Problem » Repeat the data verbatim, images excluded.

Data shown »
- Opening Delimiter -
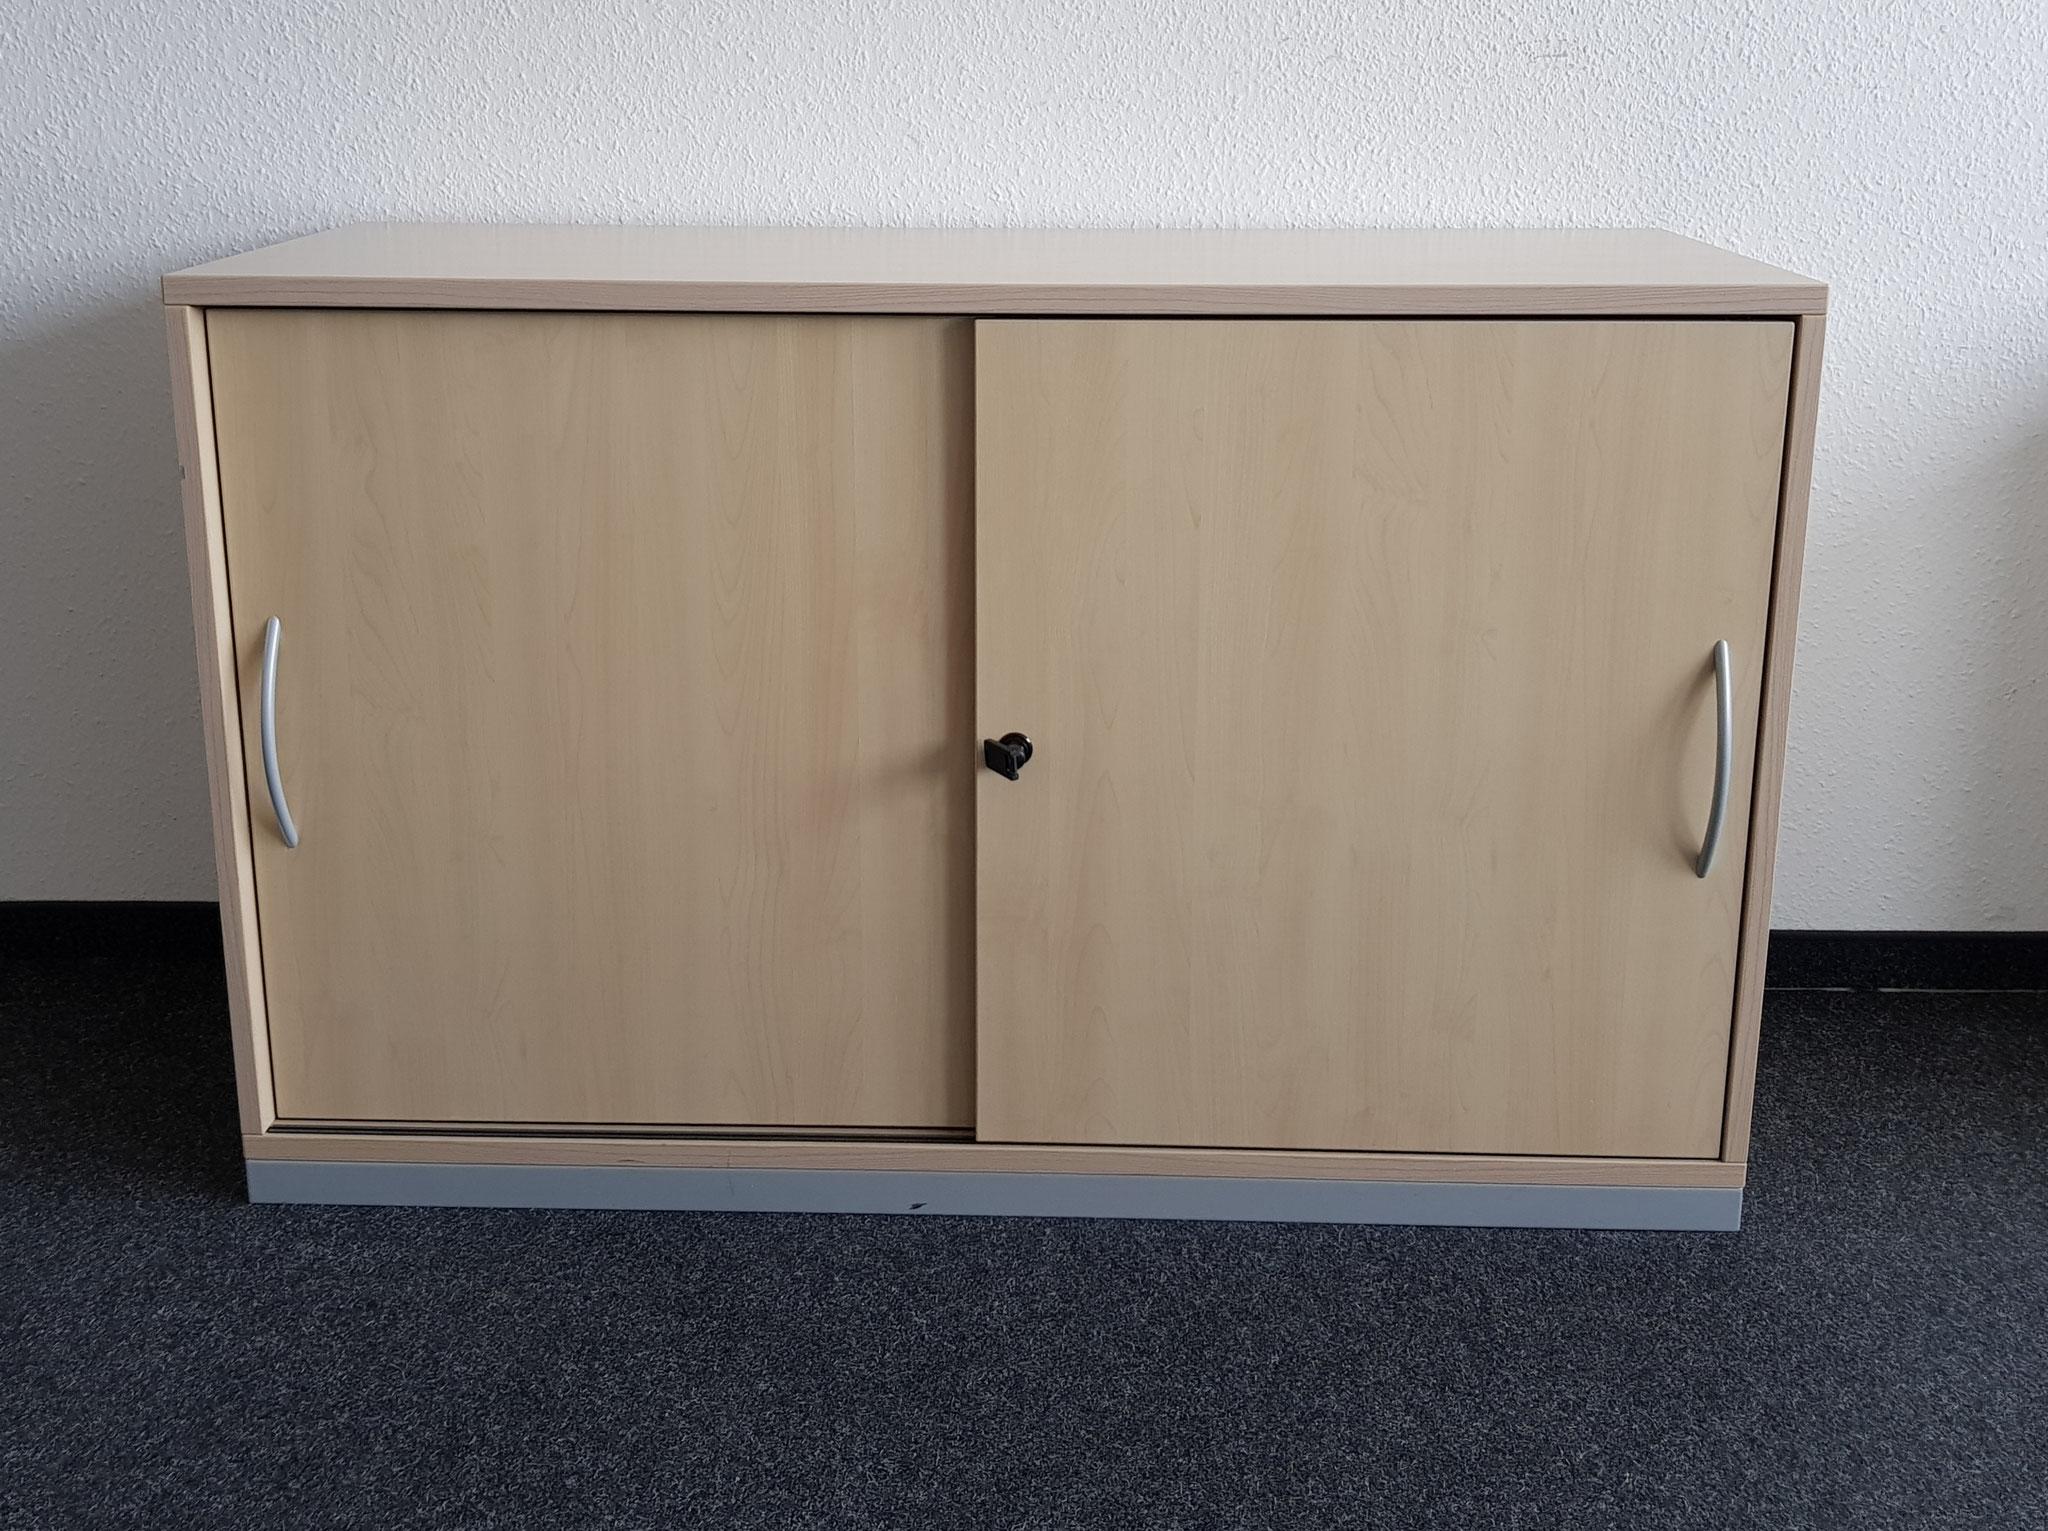 Gebrauchte Büromöbel Mit Persönlicher Beratung Bünex Büromöbel
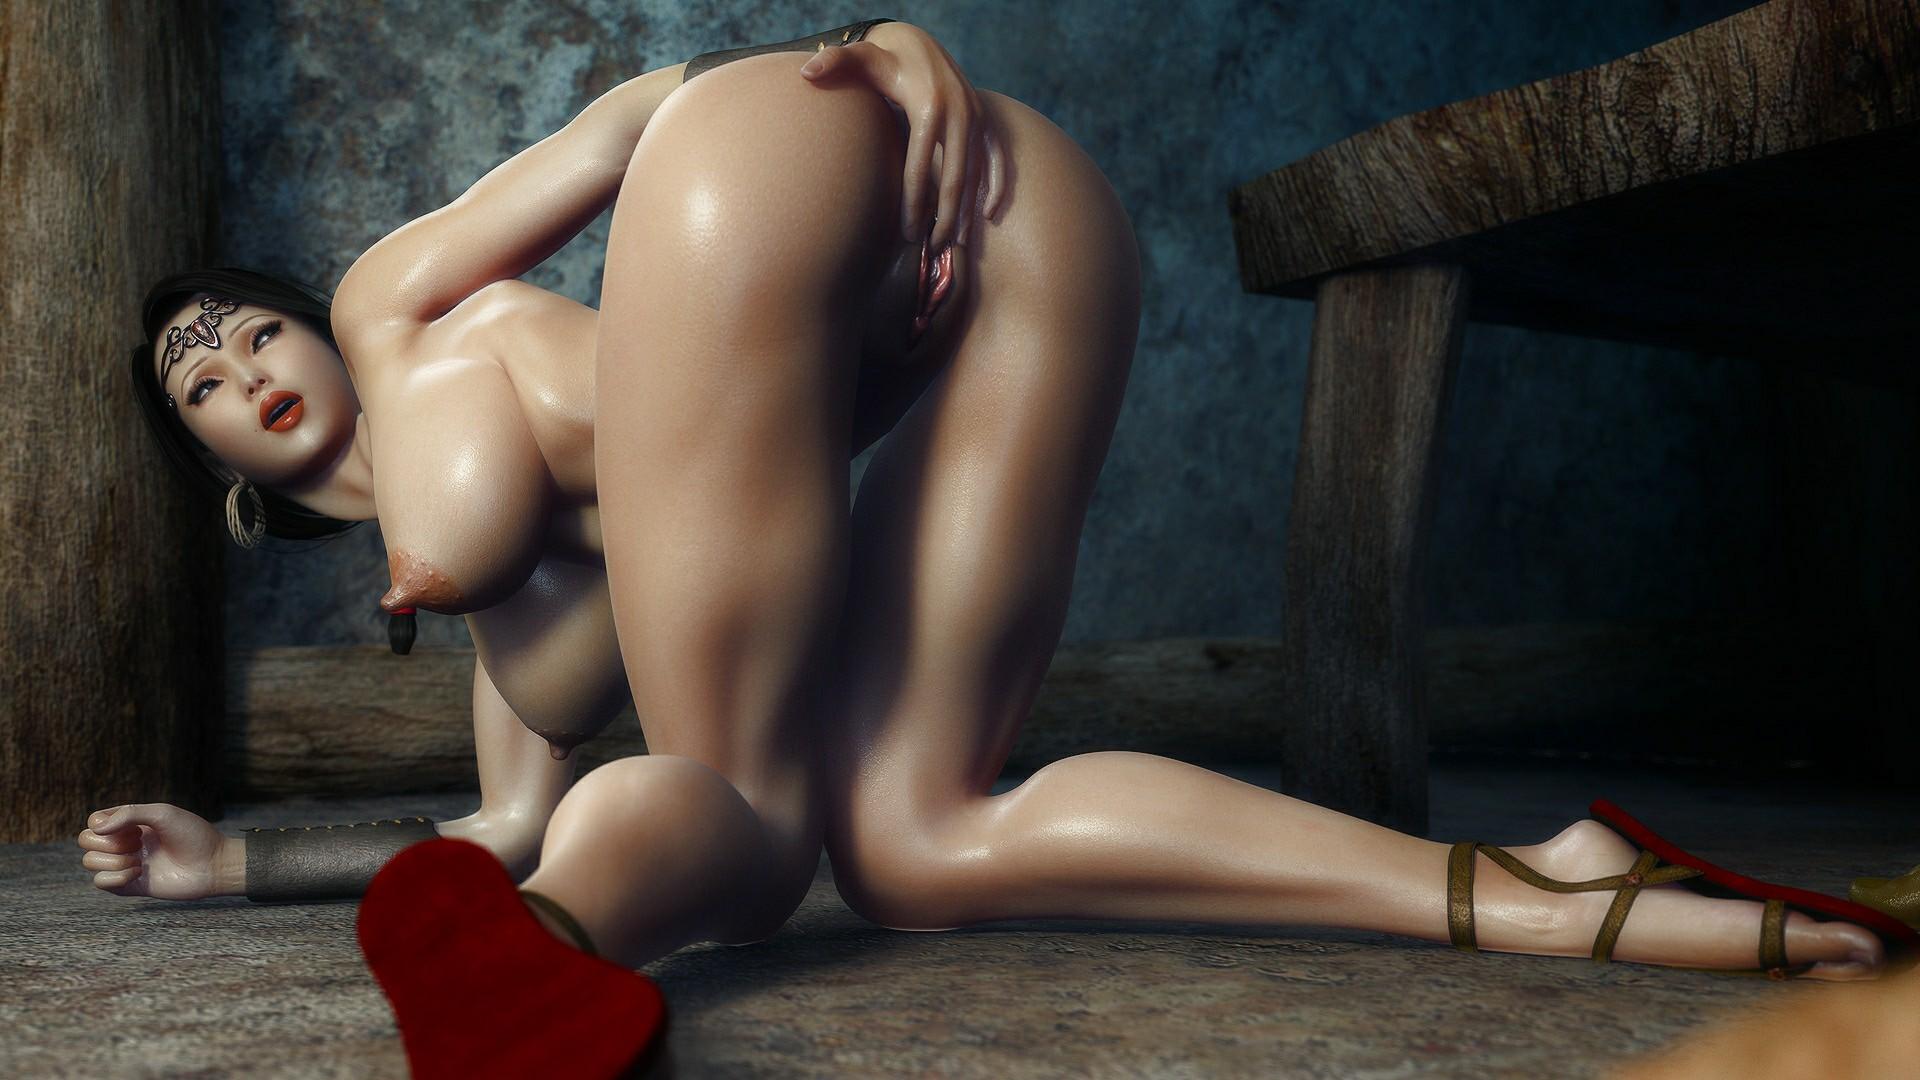 игры голая женщина трахается - 7
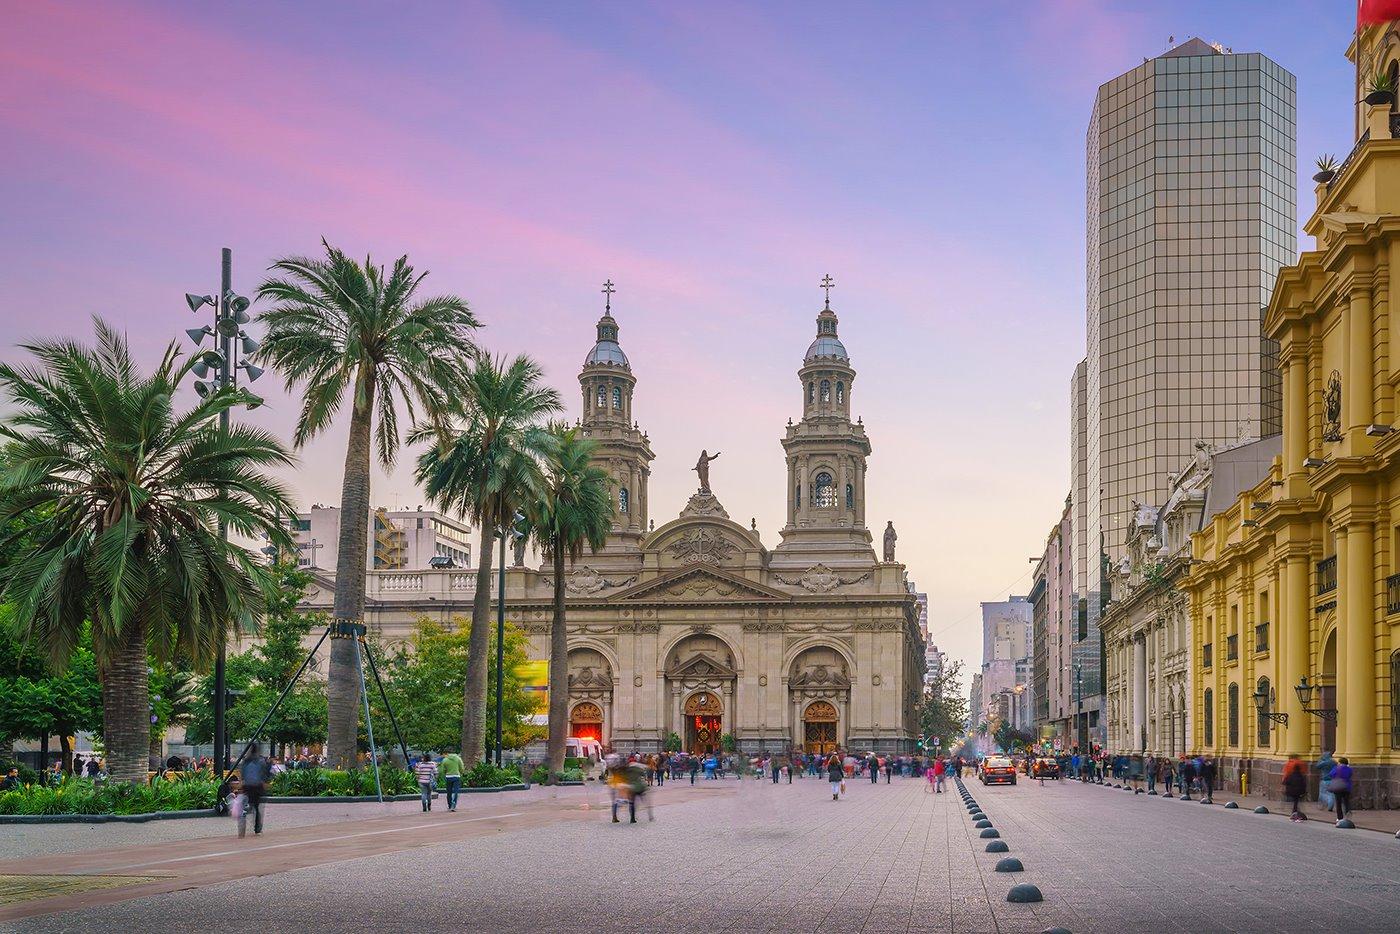 plaza-de-armas-santiago-de-chile. Un paseo por el centro
- Closing Delimiter -
Answer to the problem »
 Gebrauchte Büromöbel Mit Persönlicher Beratung Bünex Büromöbel
 игры голая женщина трахается - 7
 plaza-de-armas-santiago-de-chile. Un paseo por el centro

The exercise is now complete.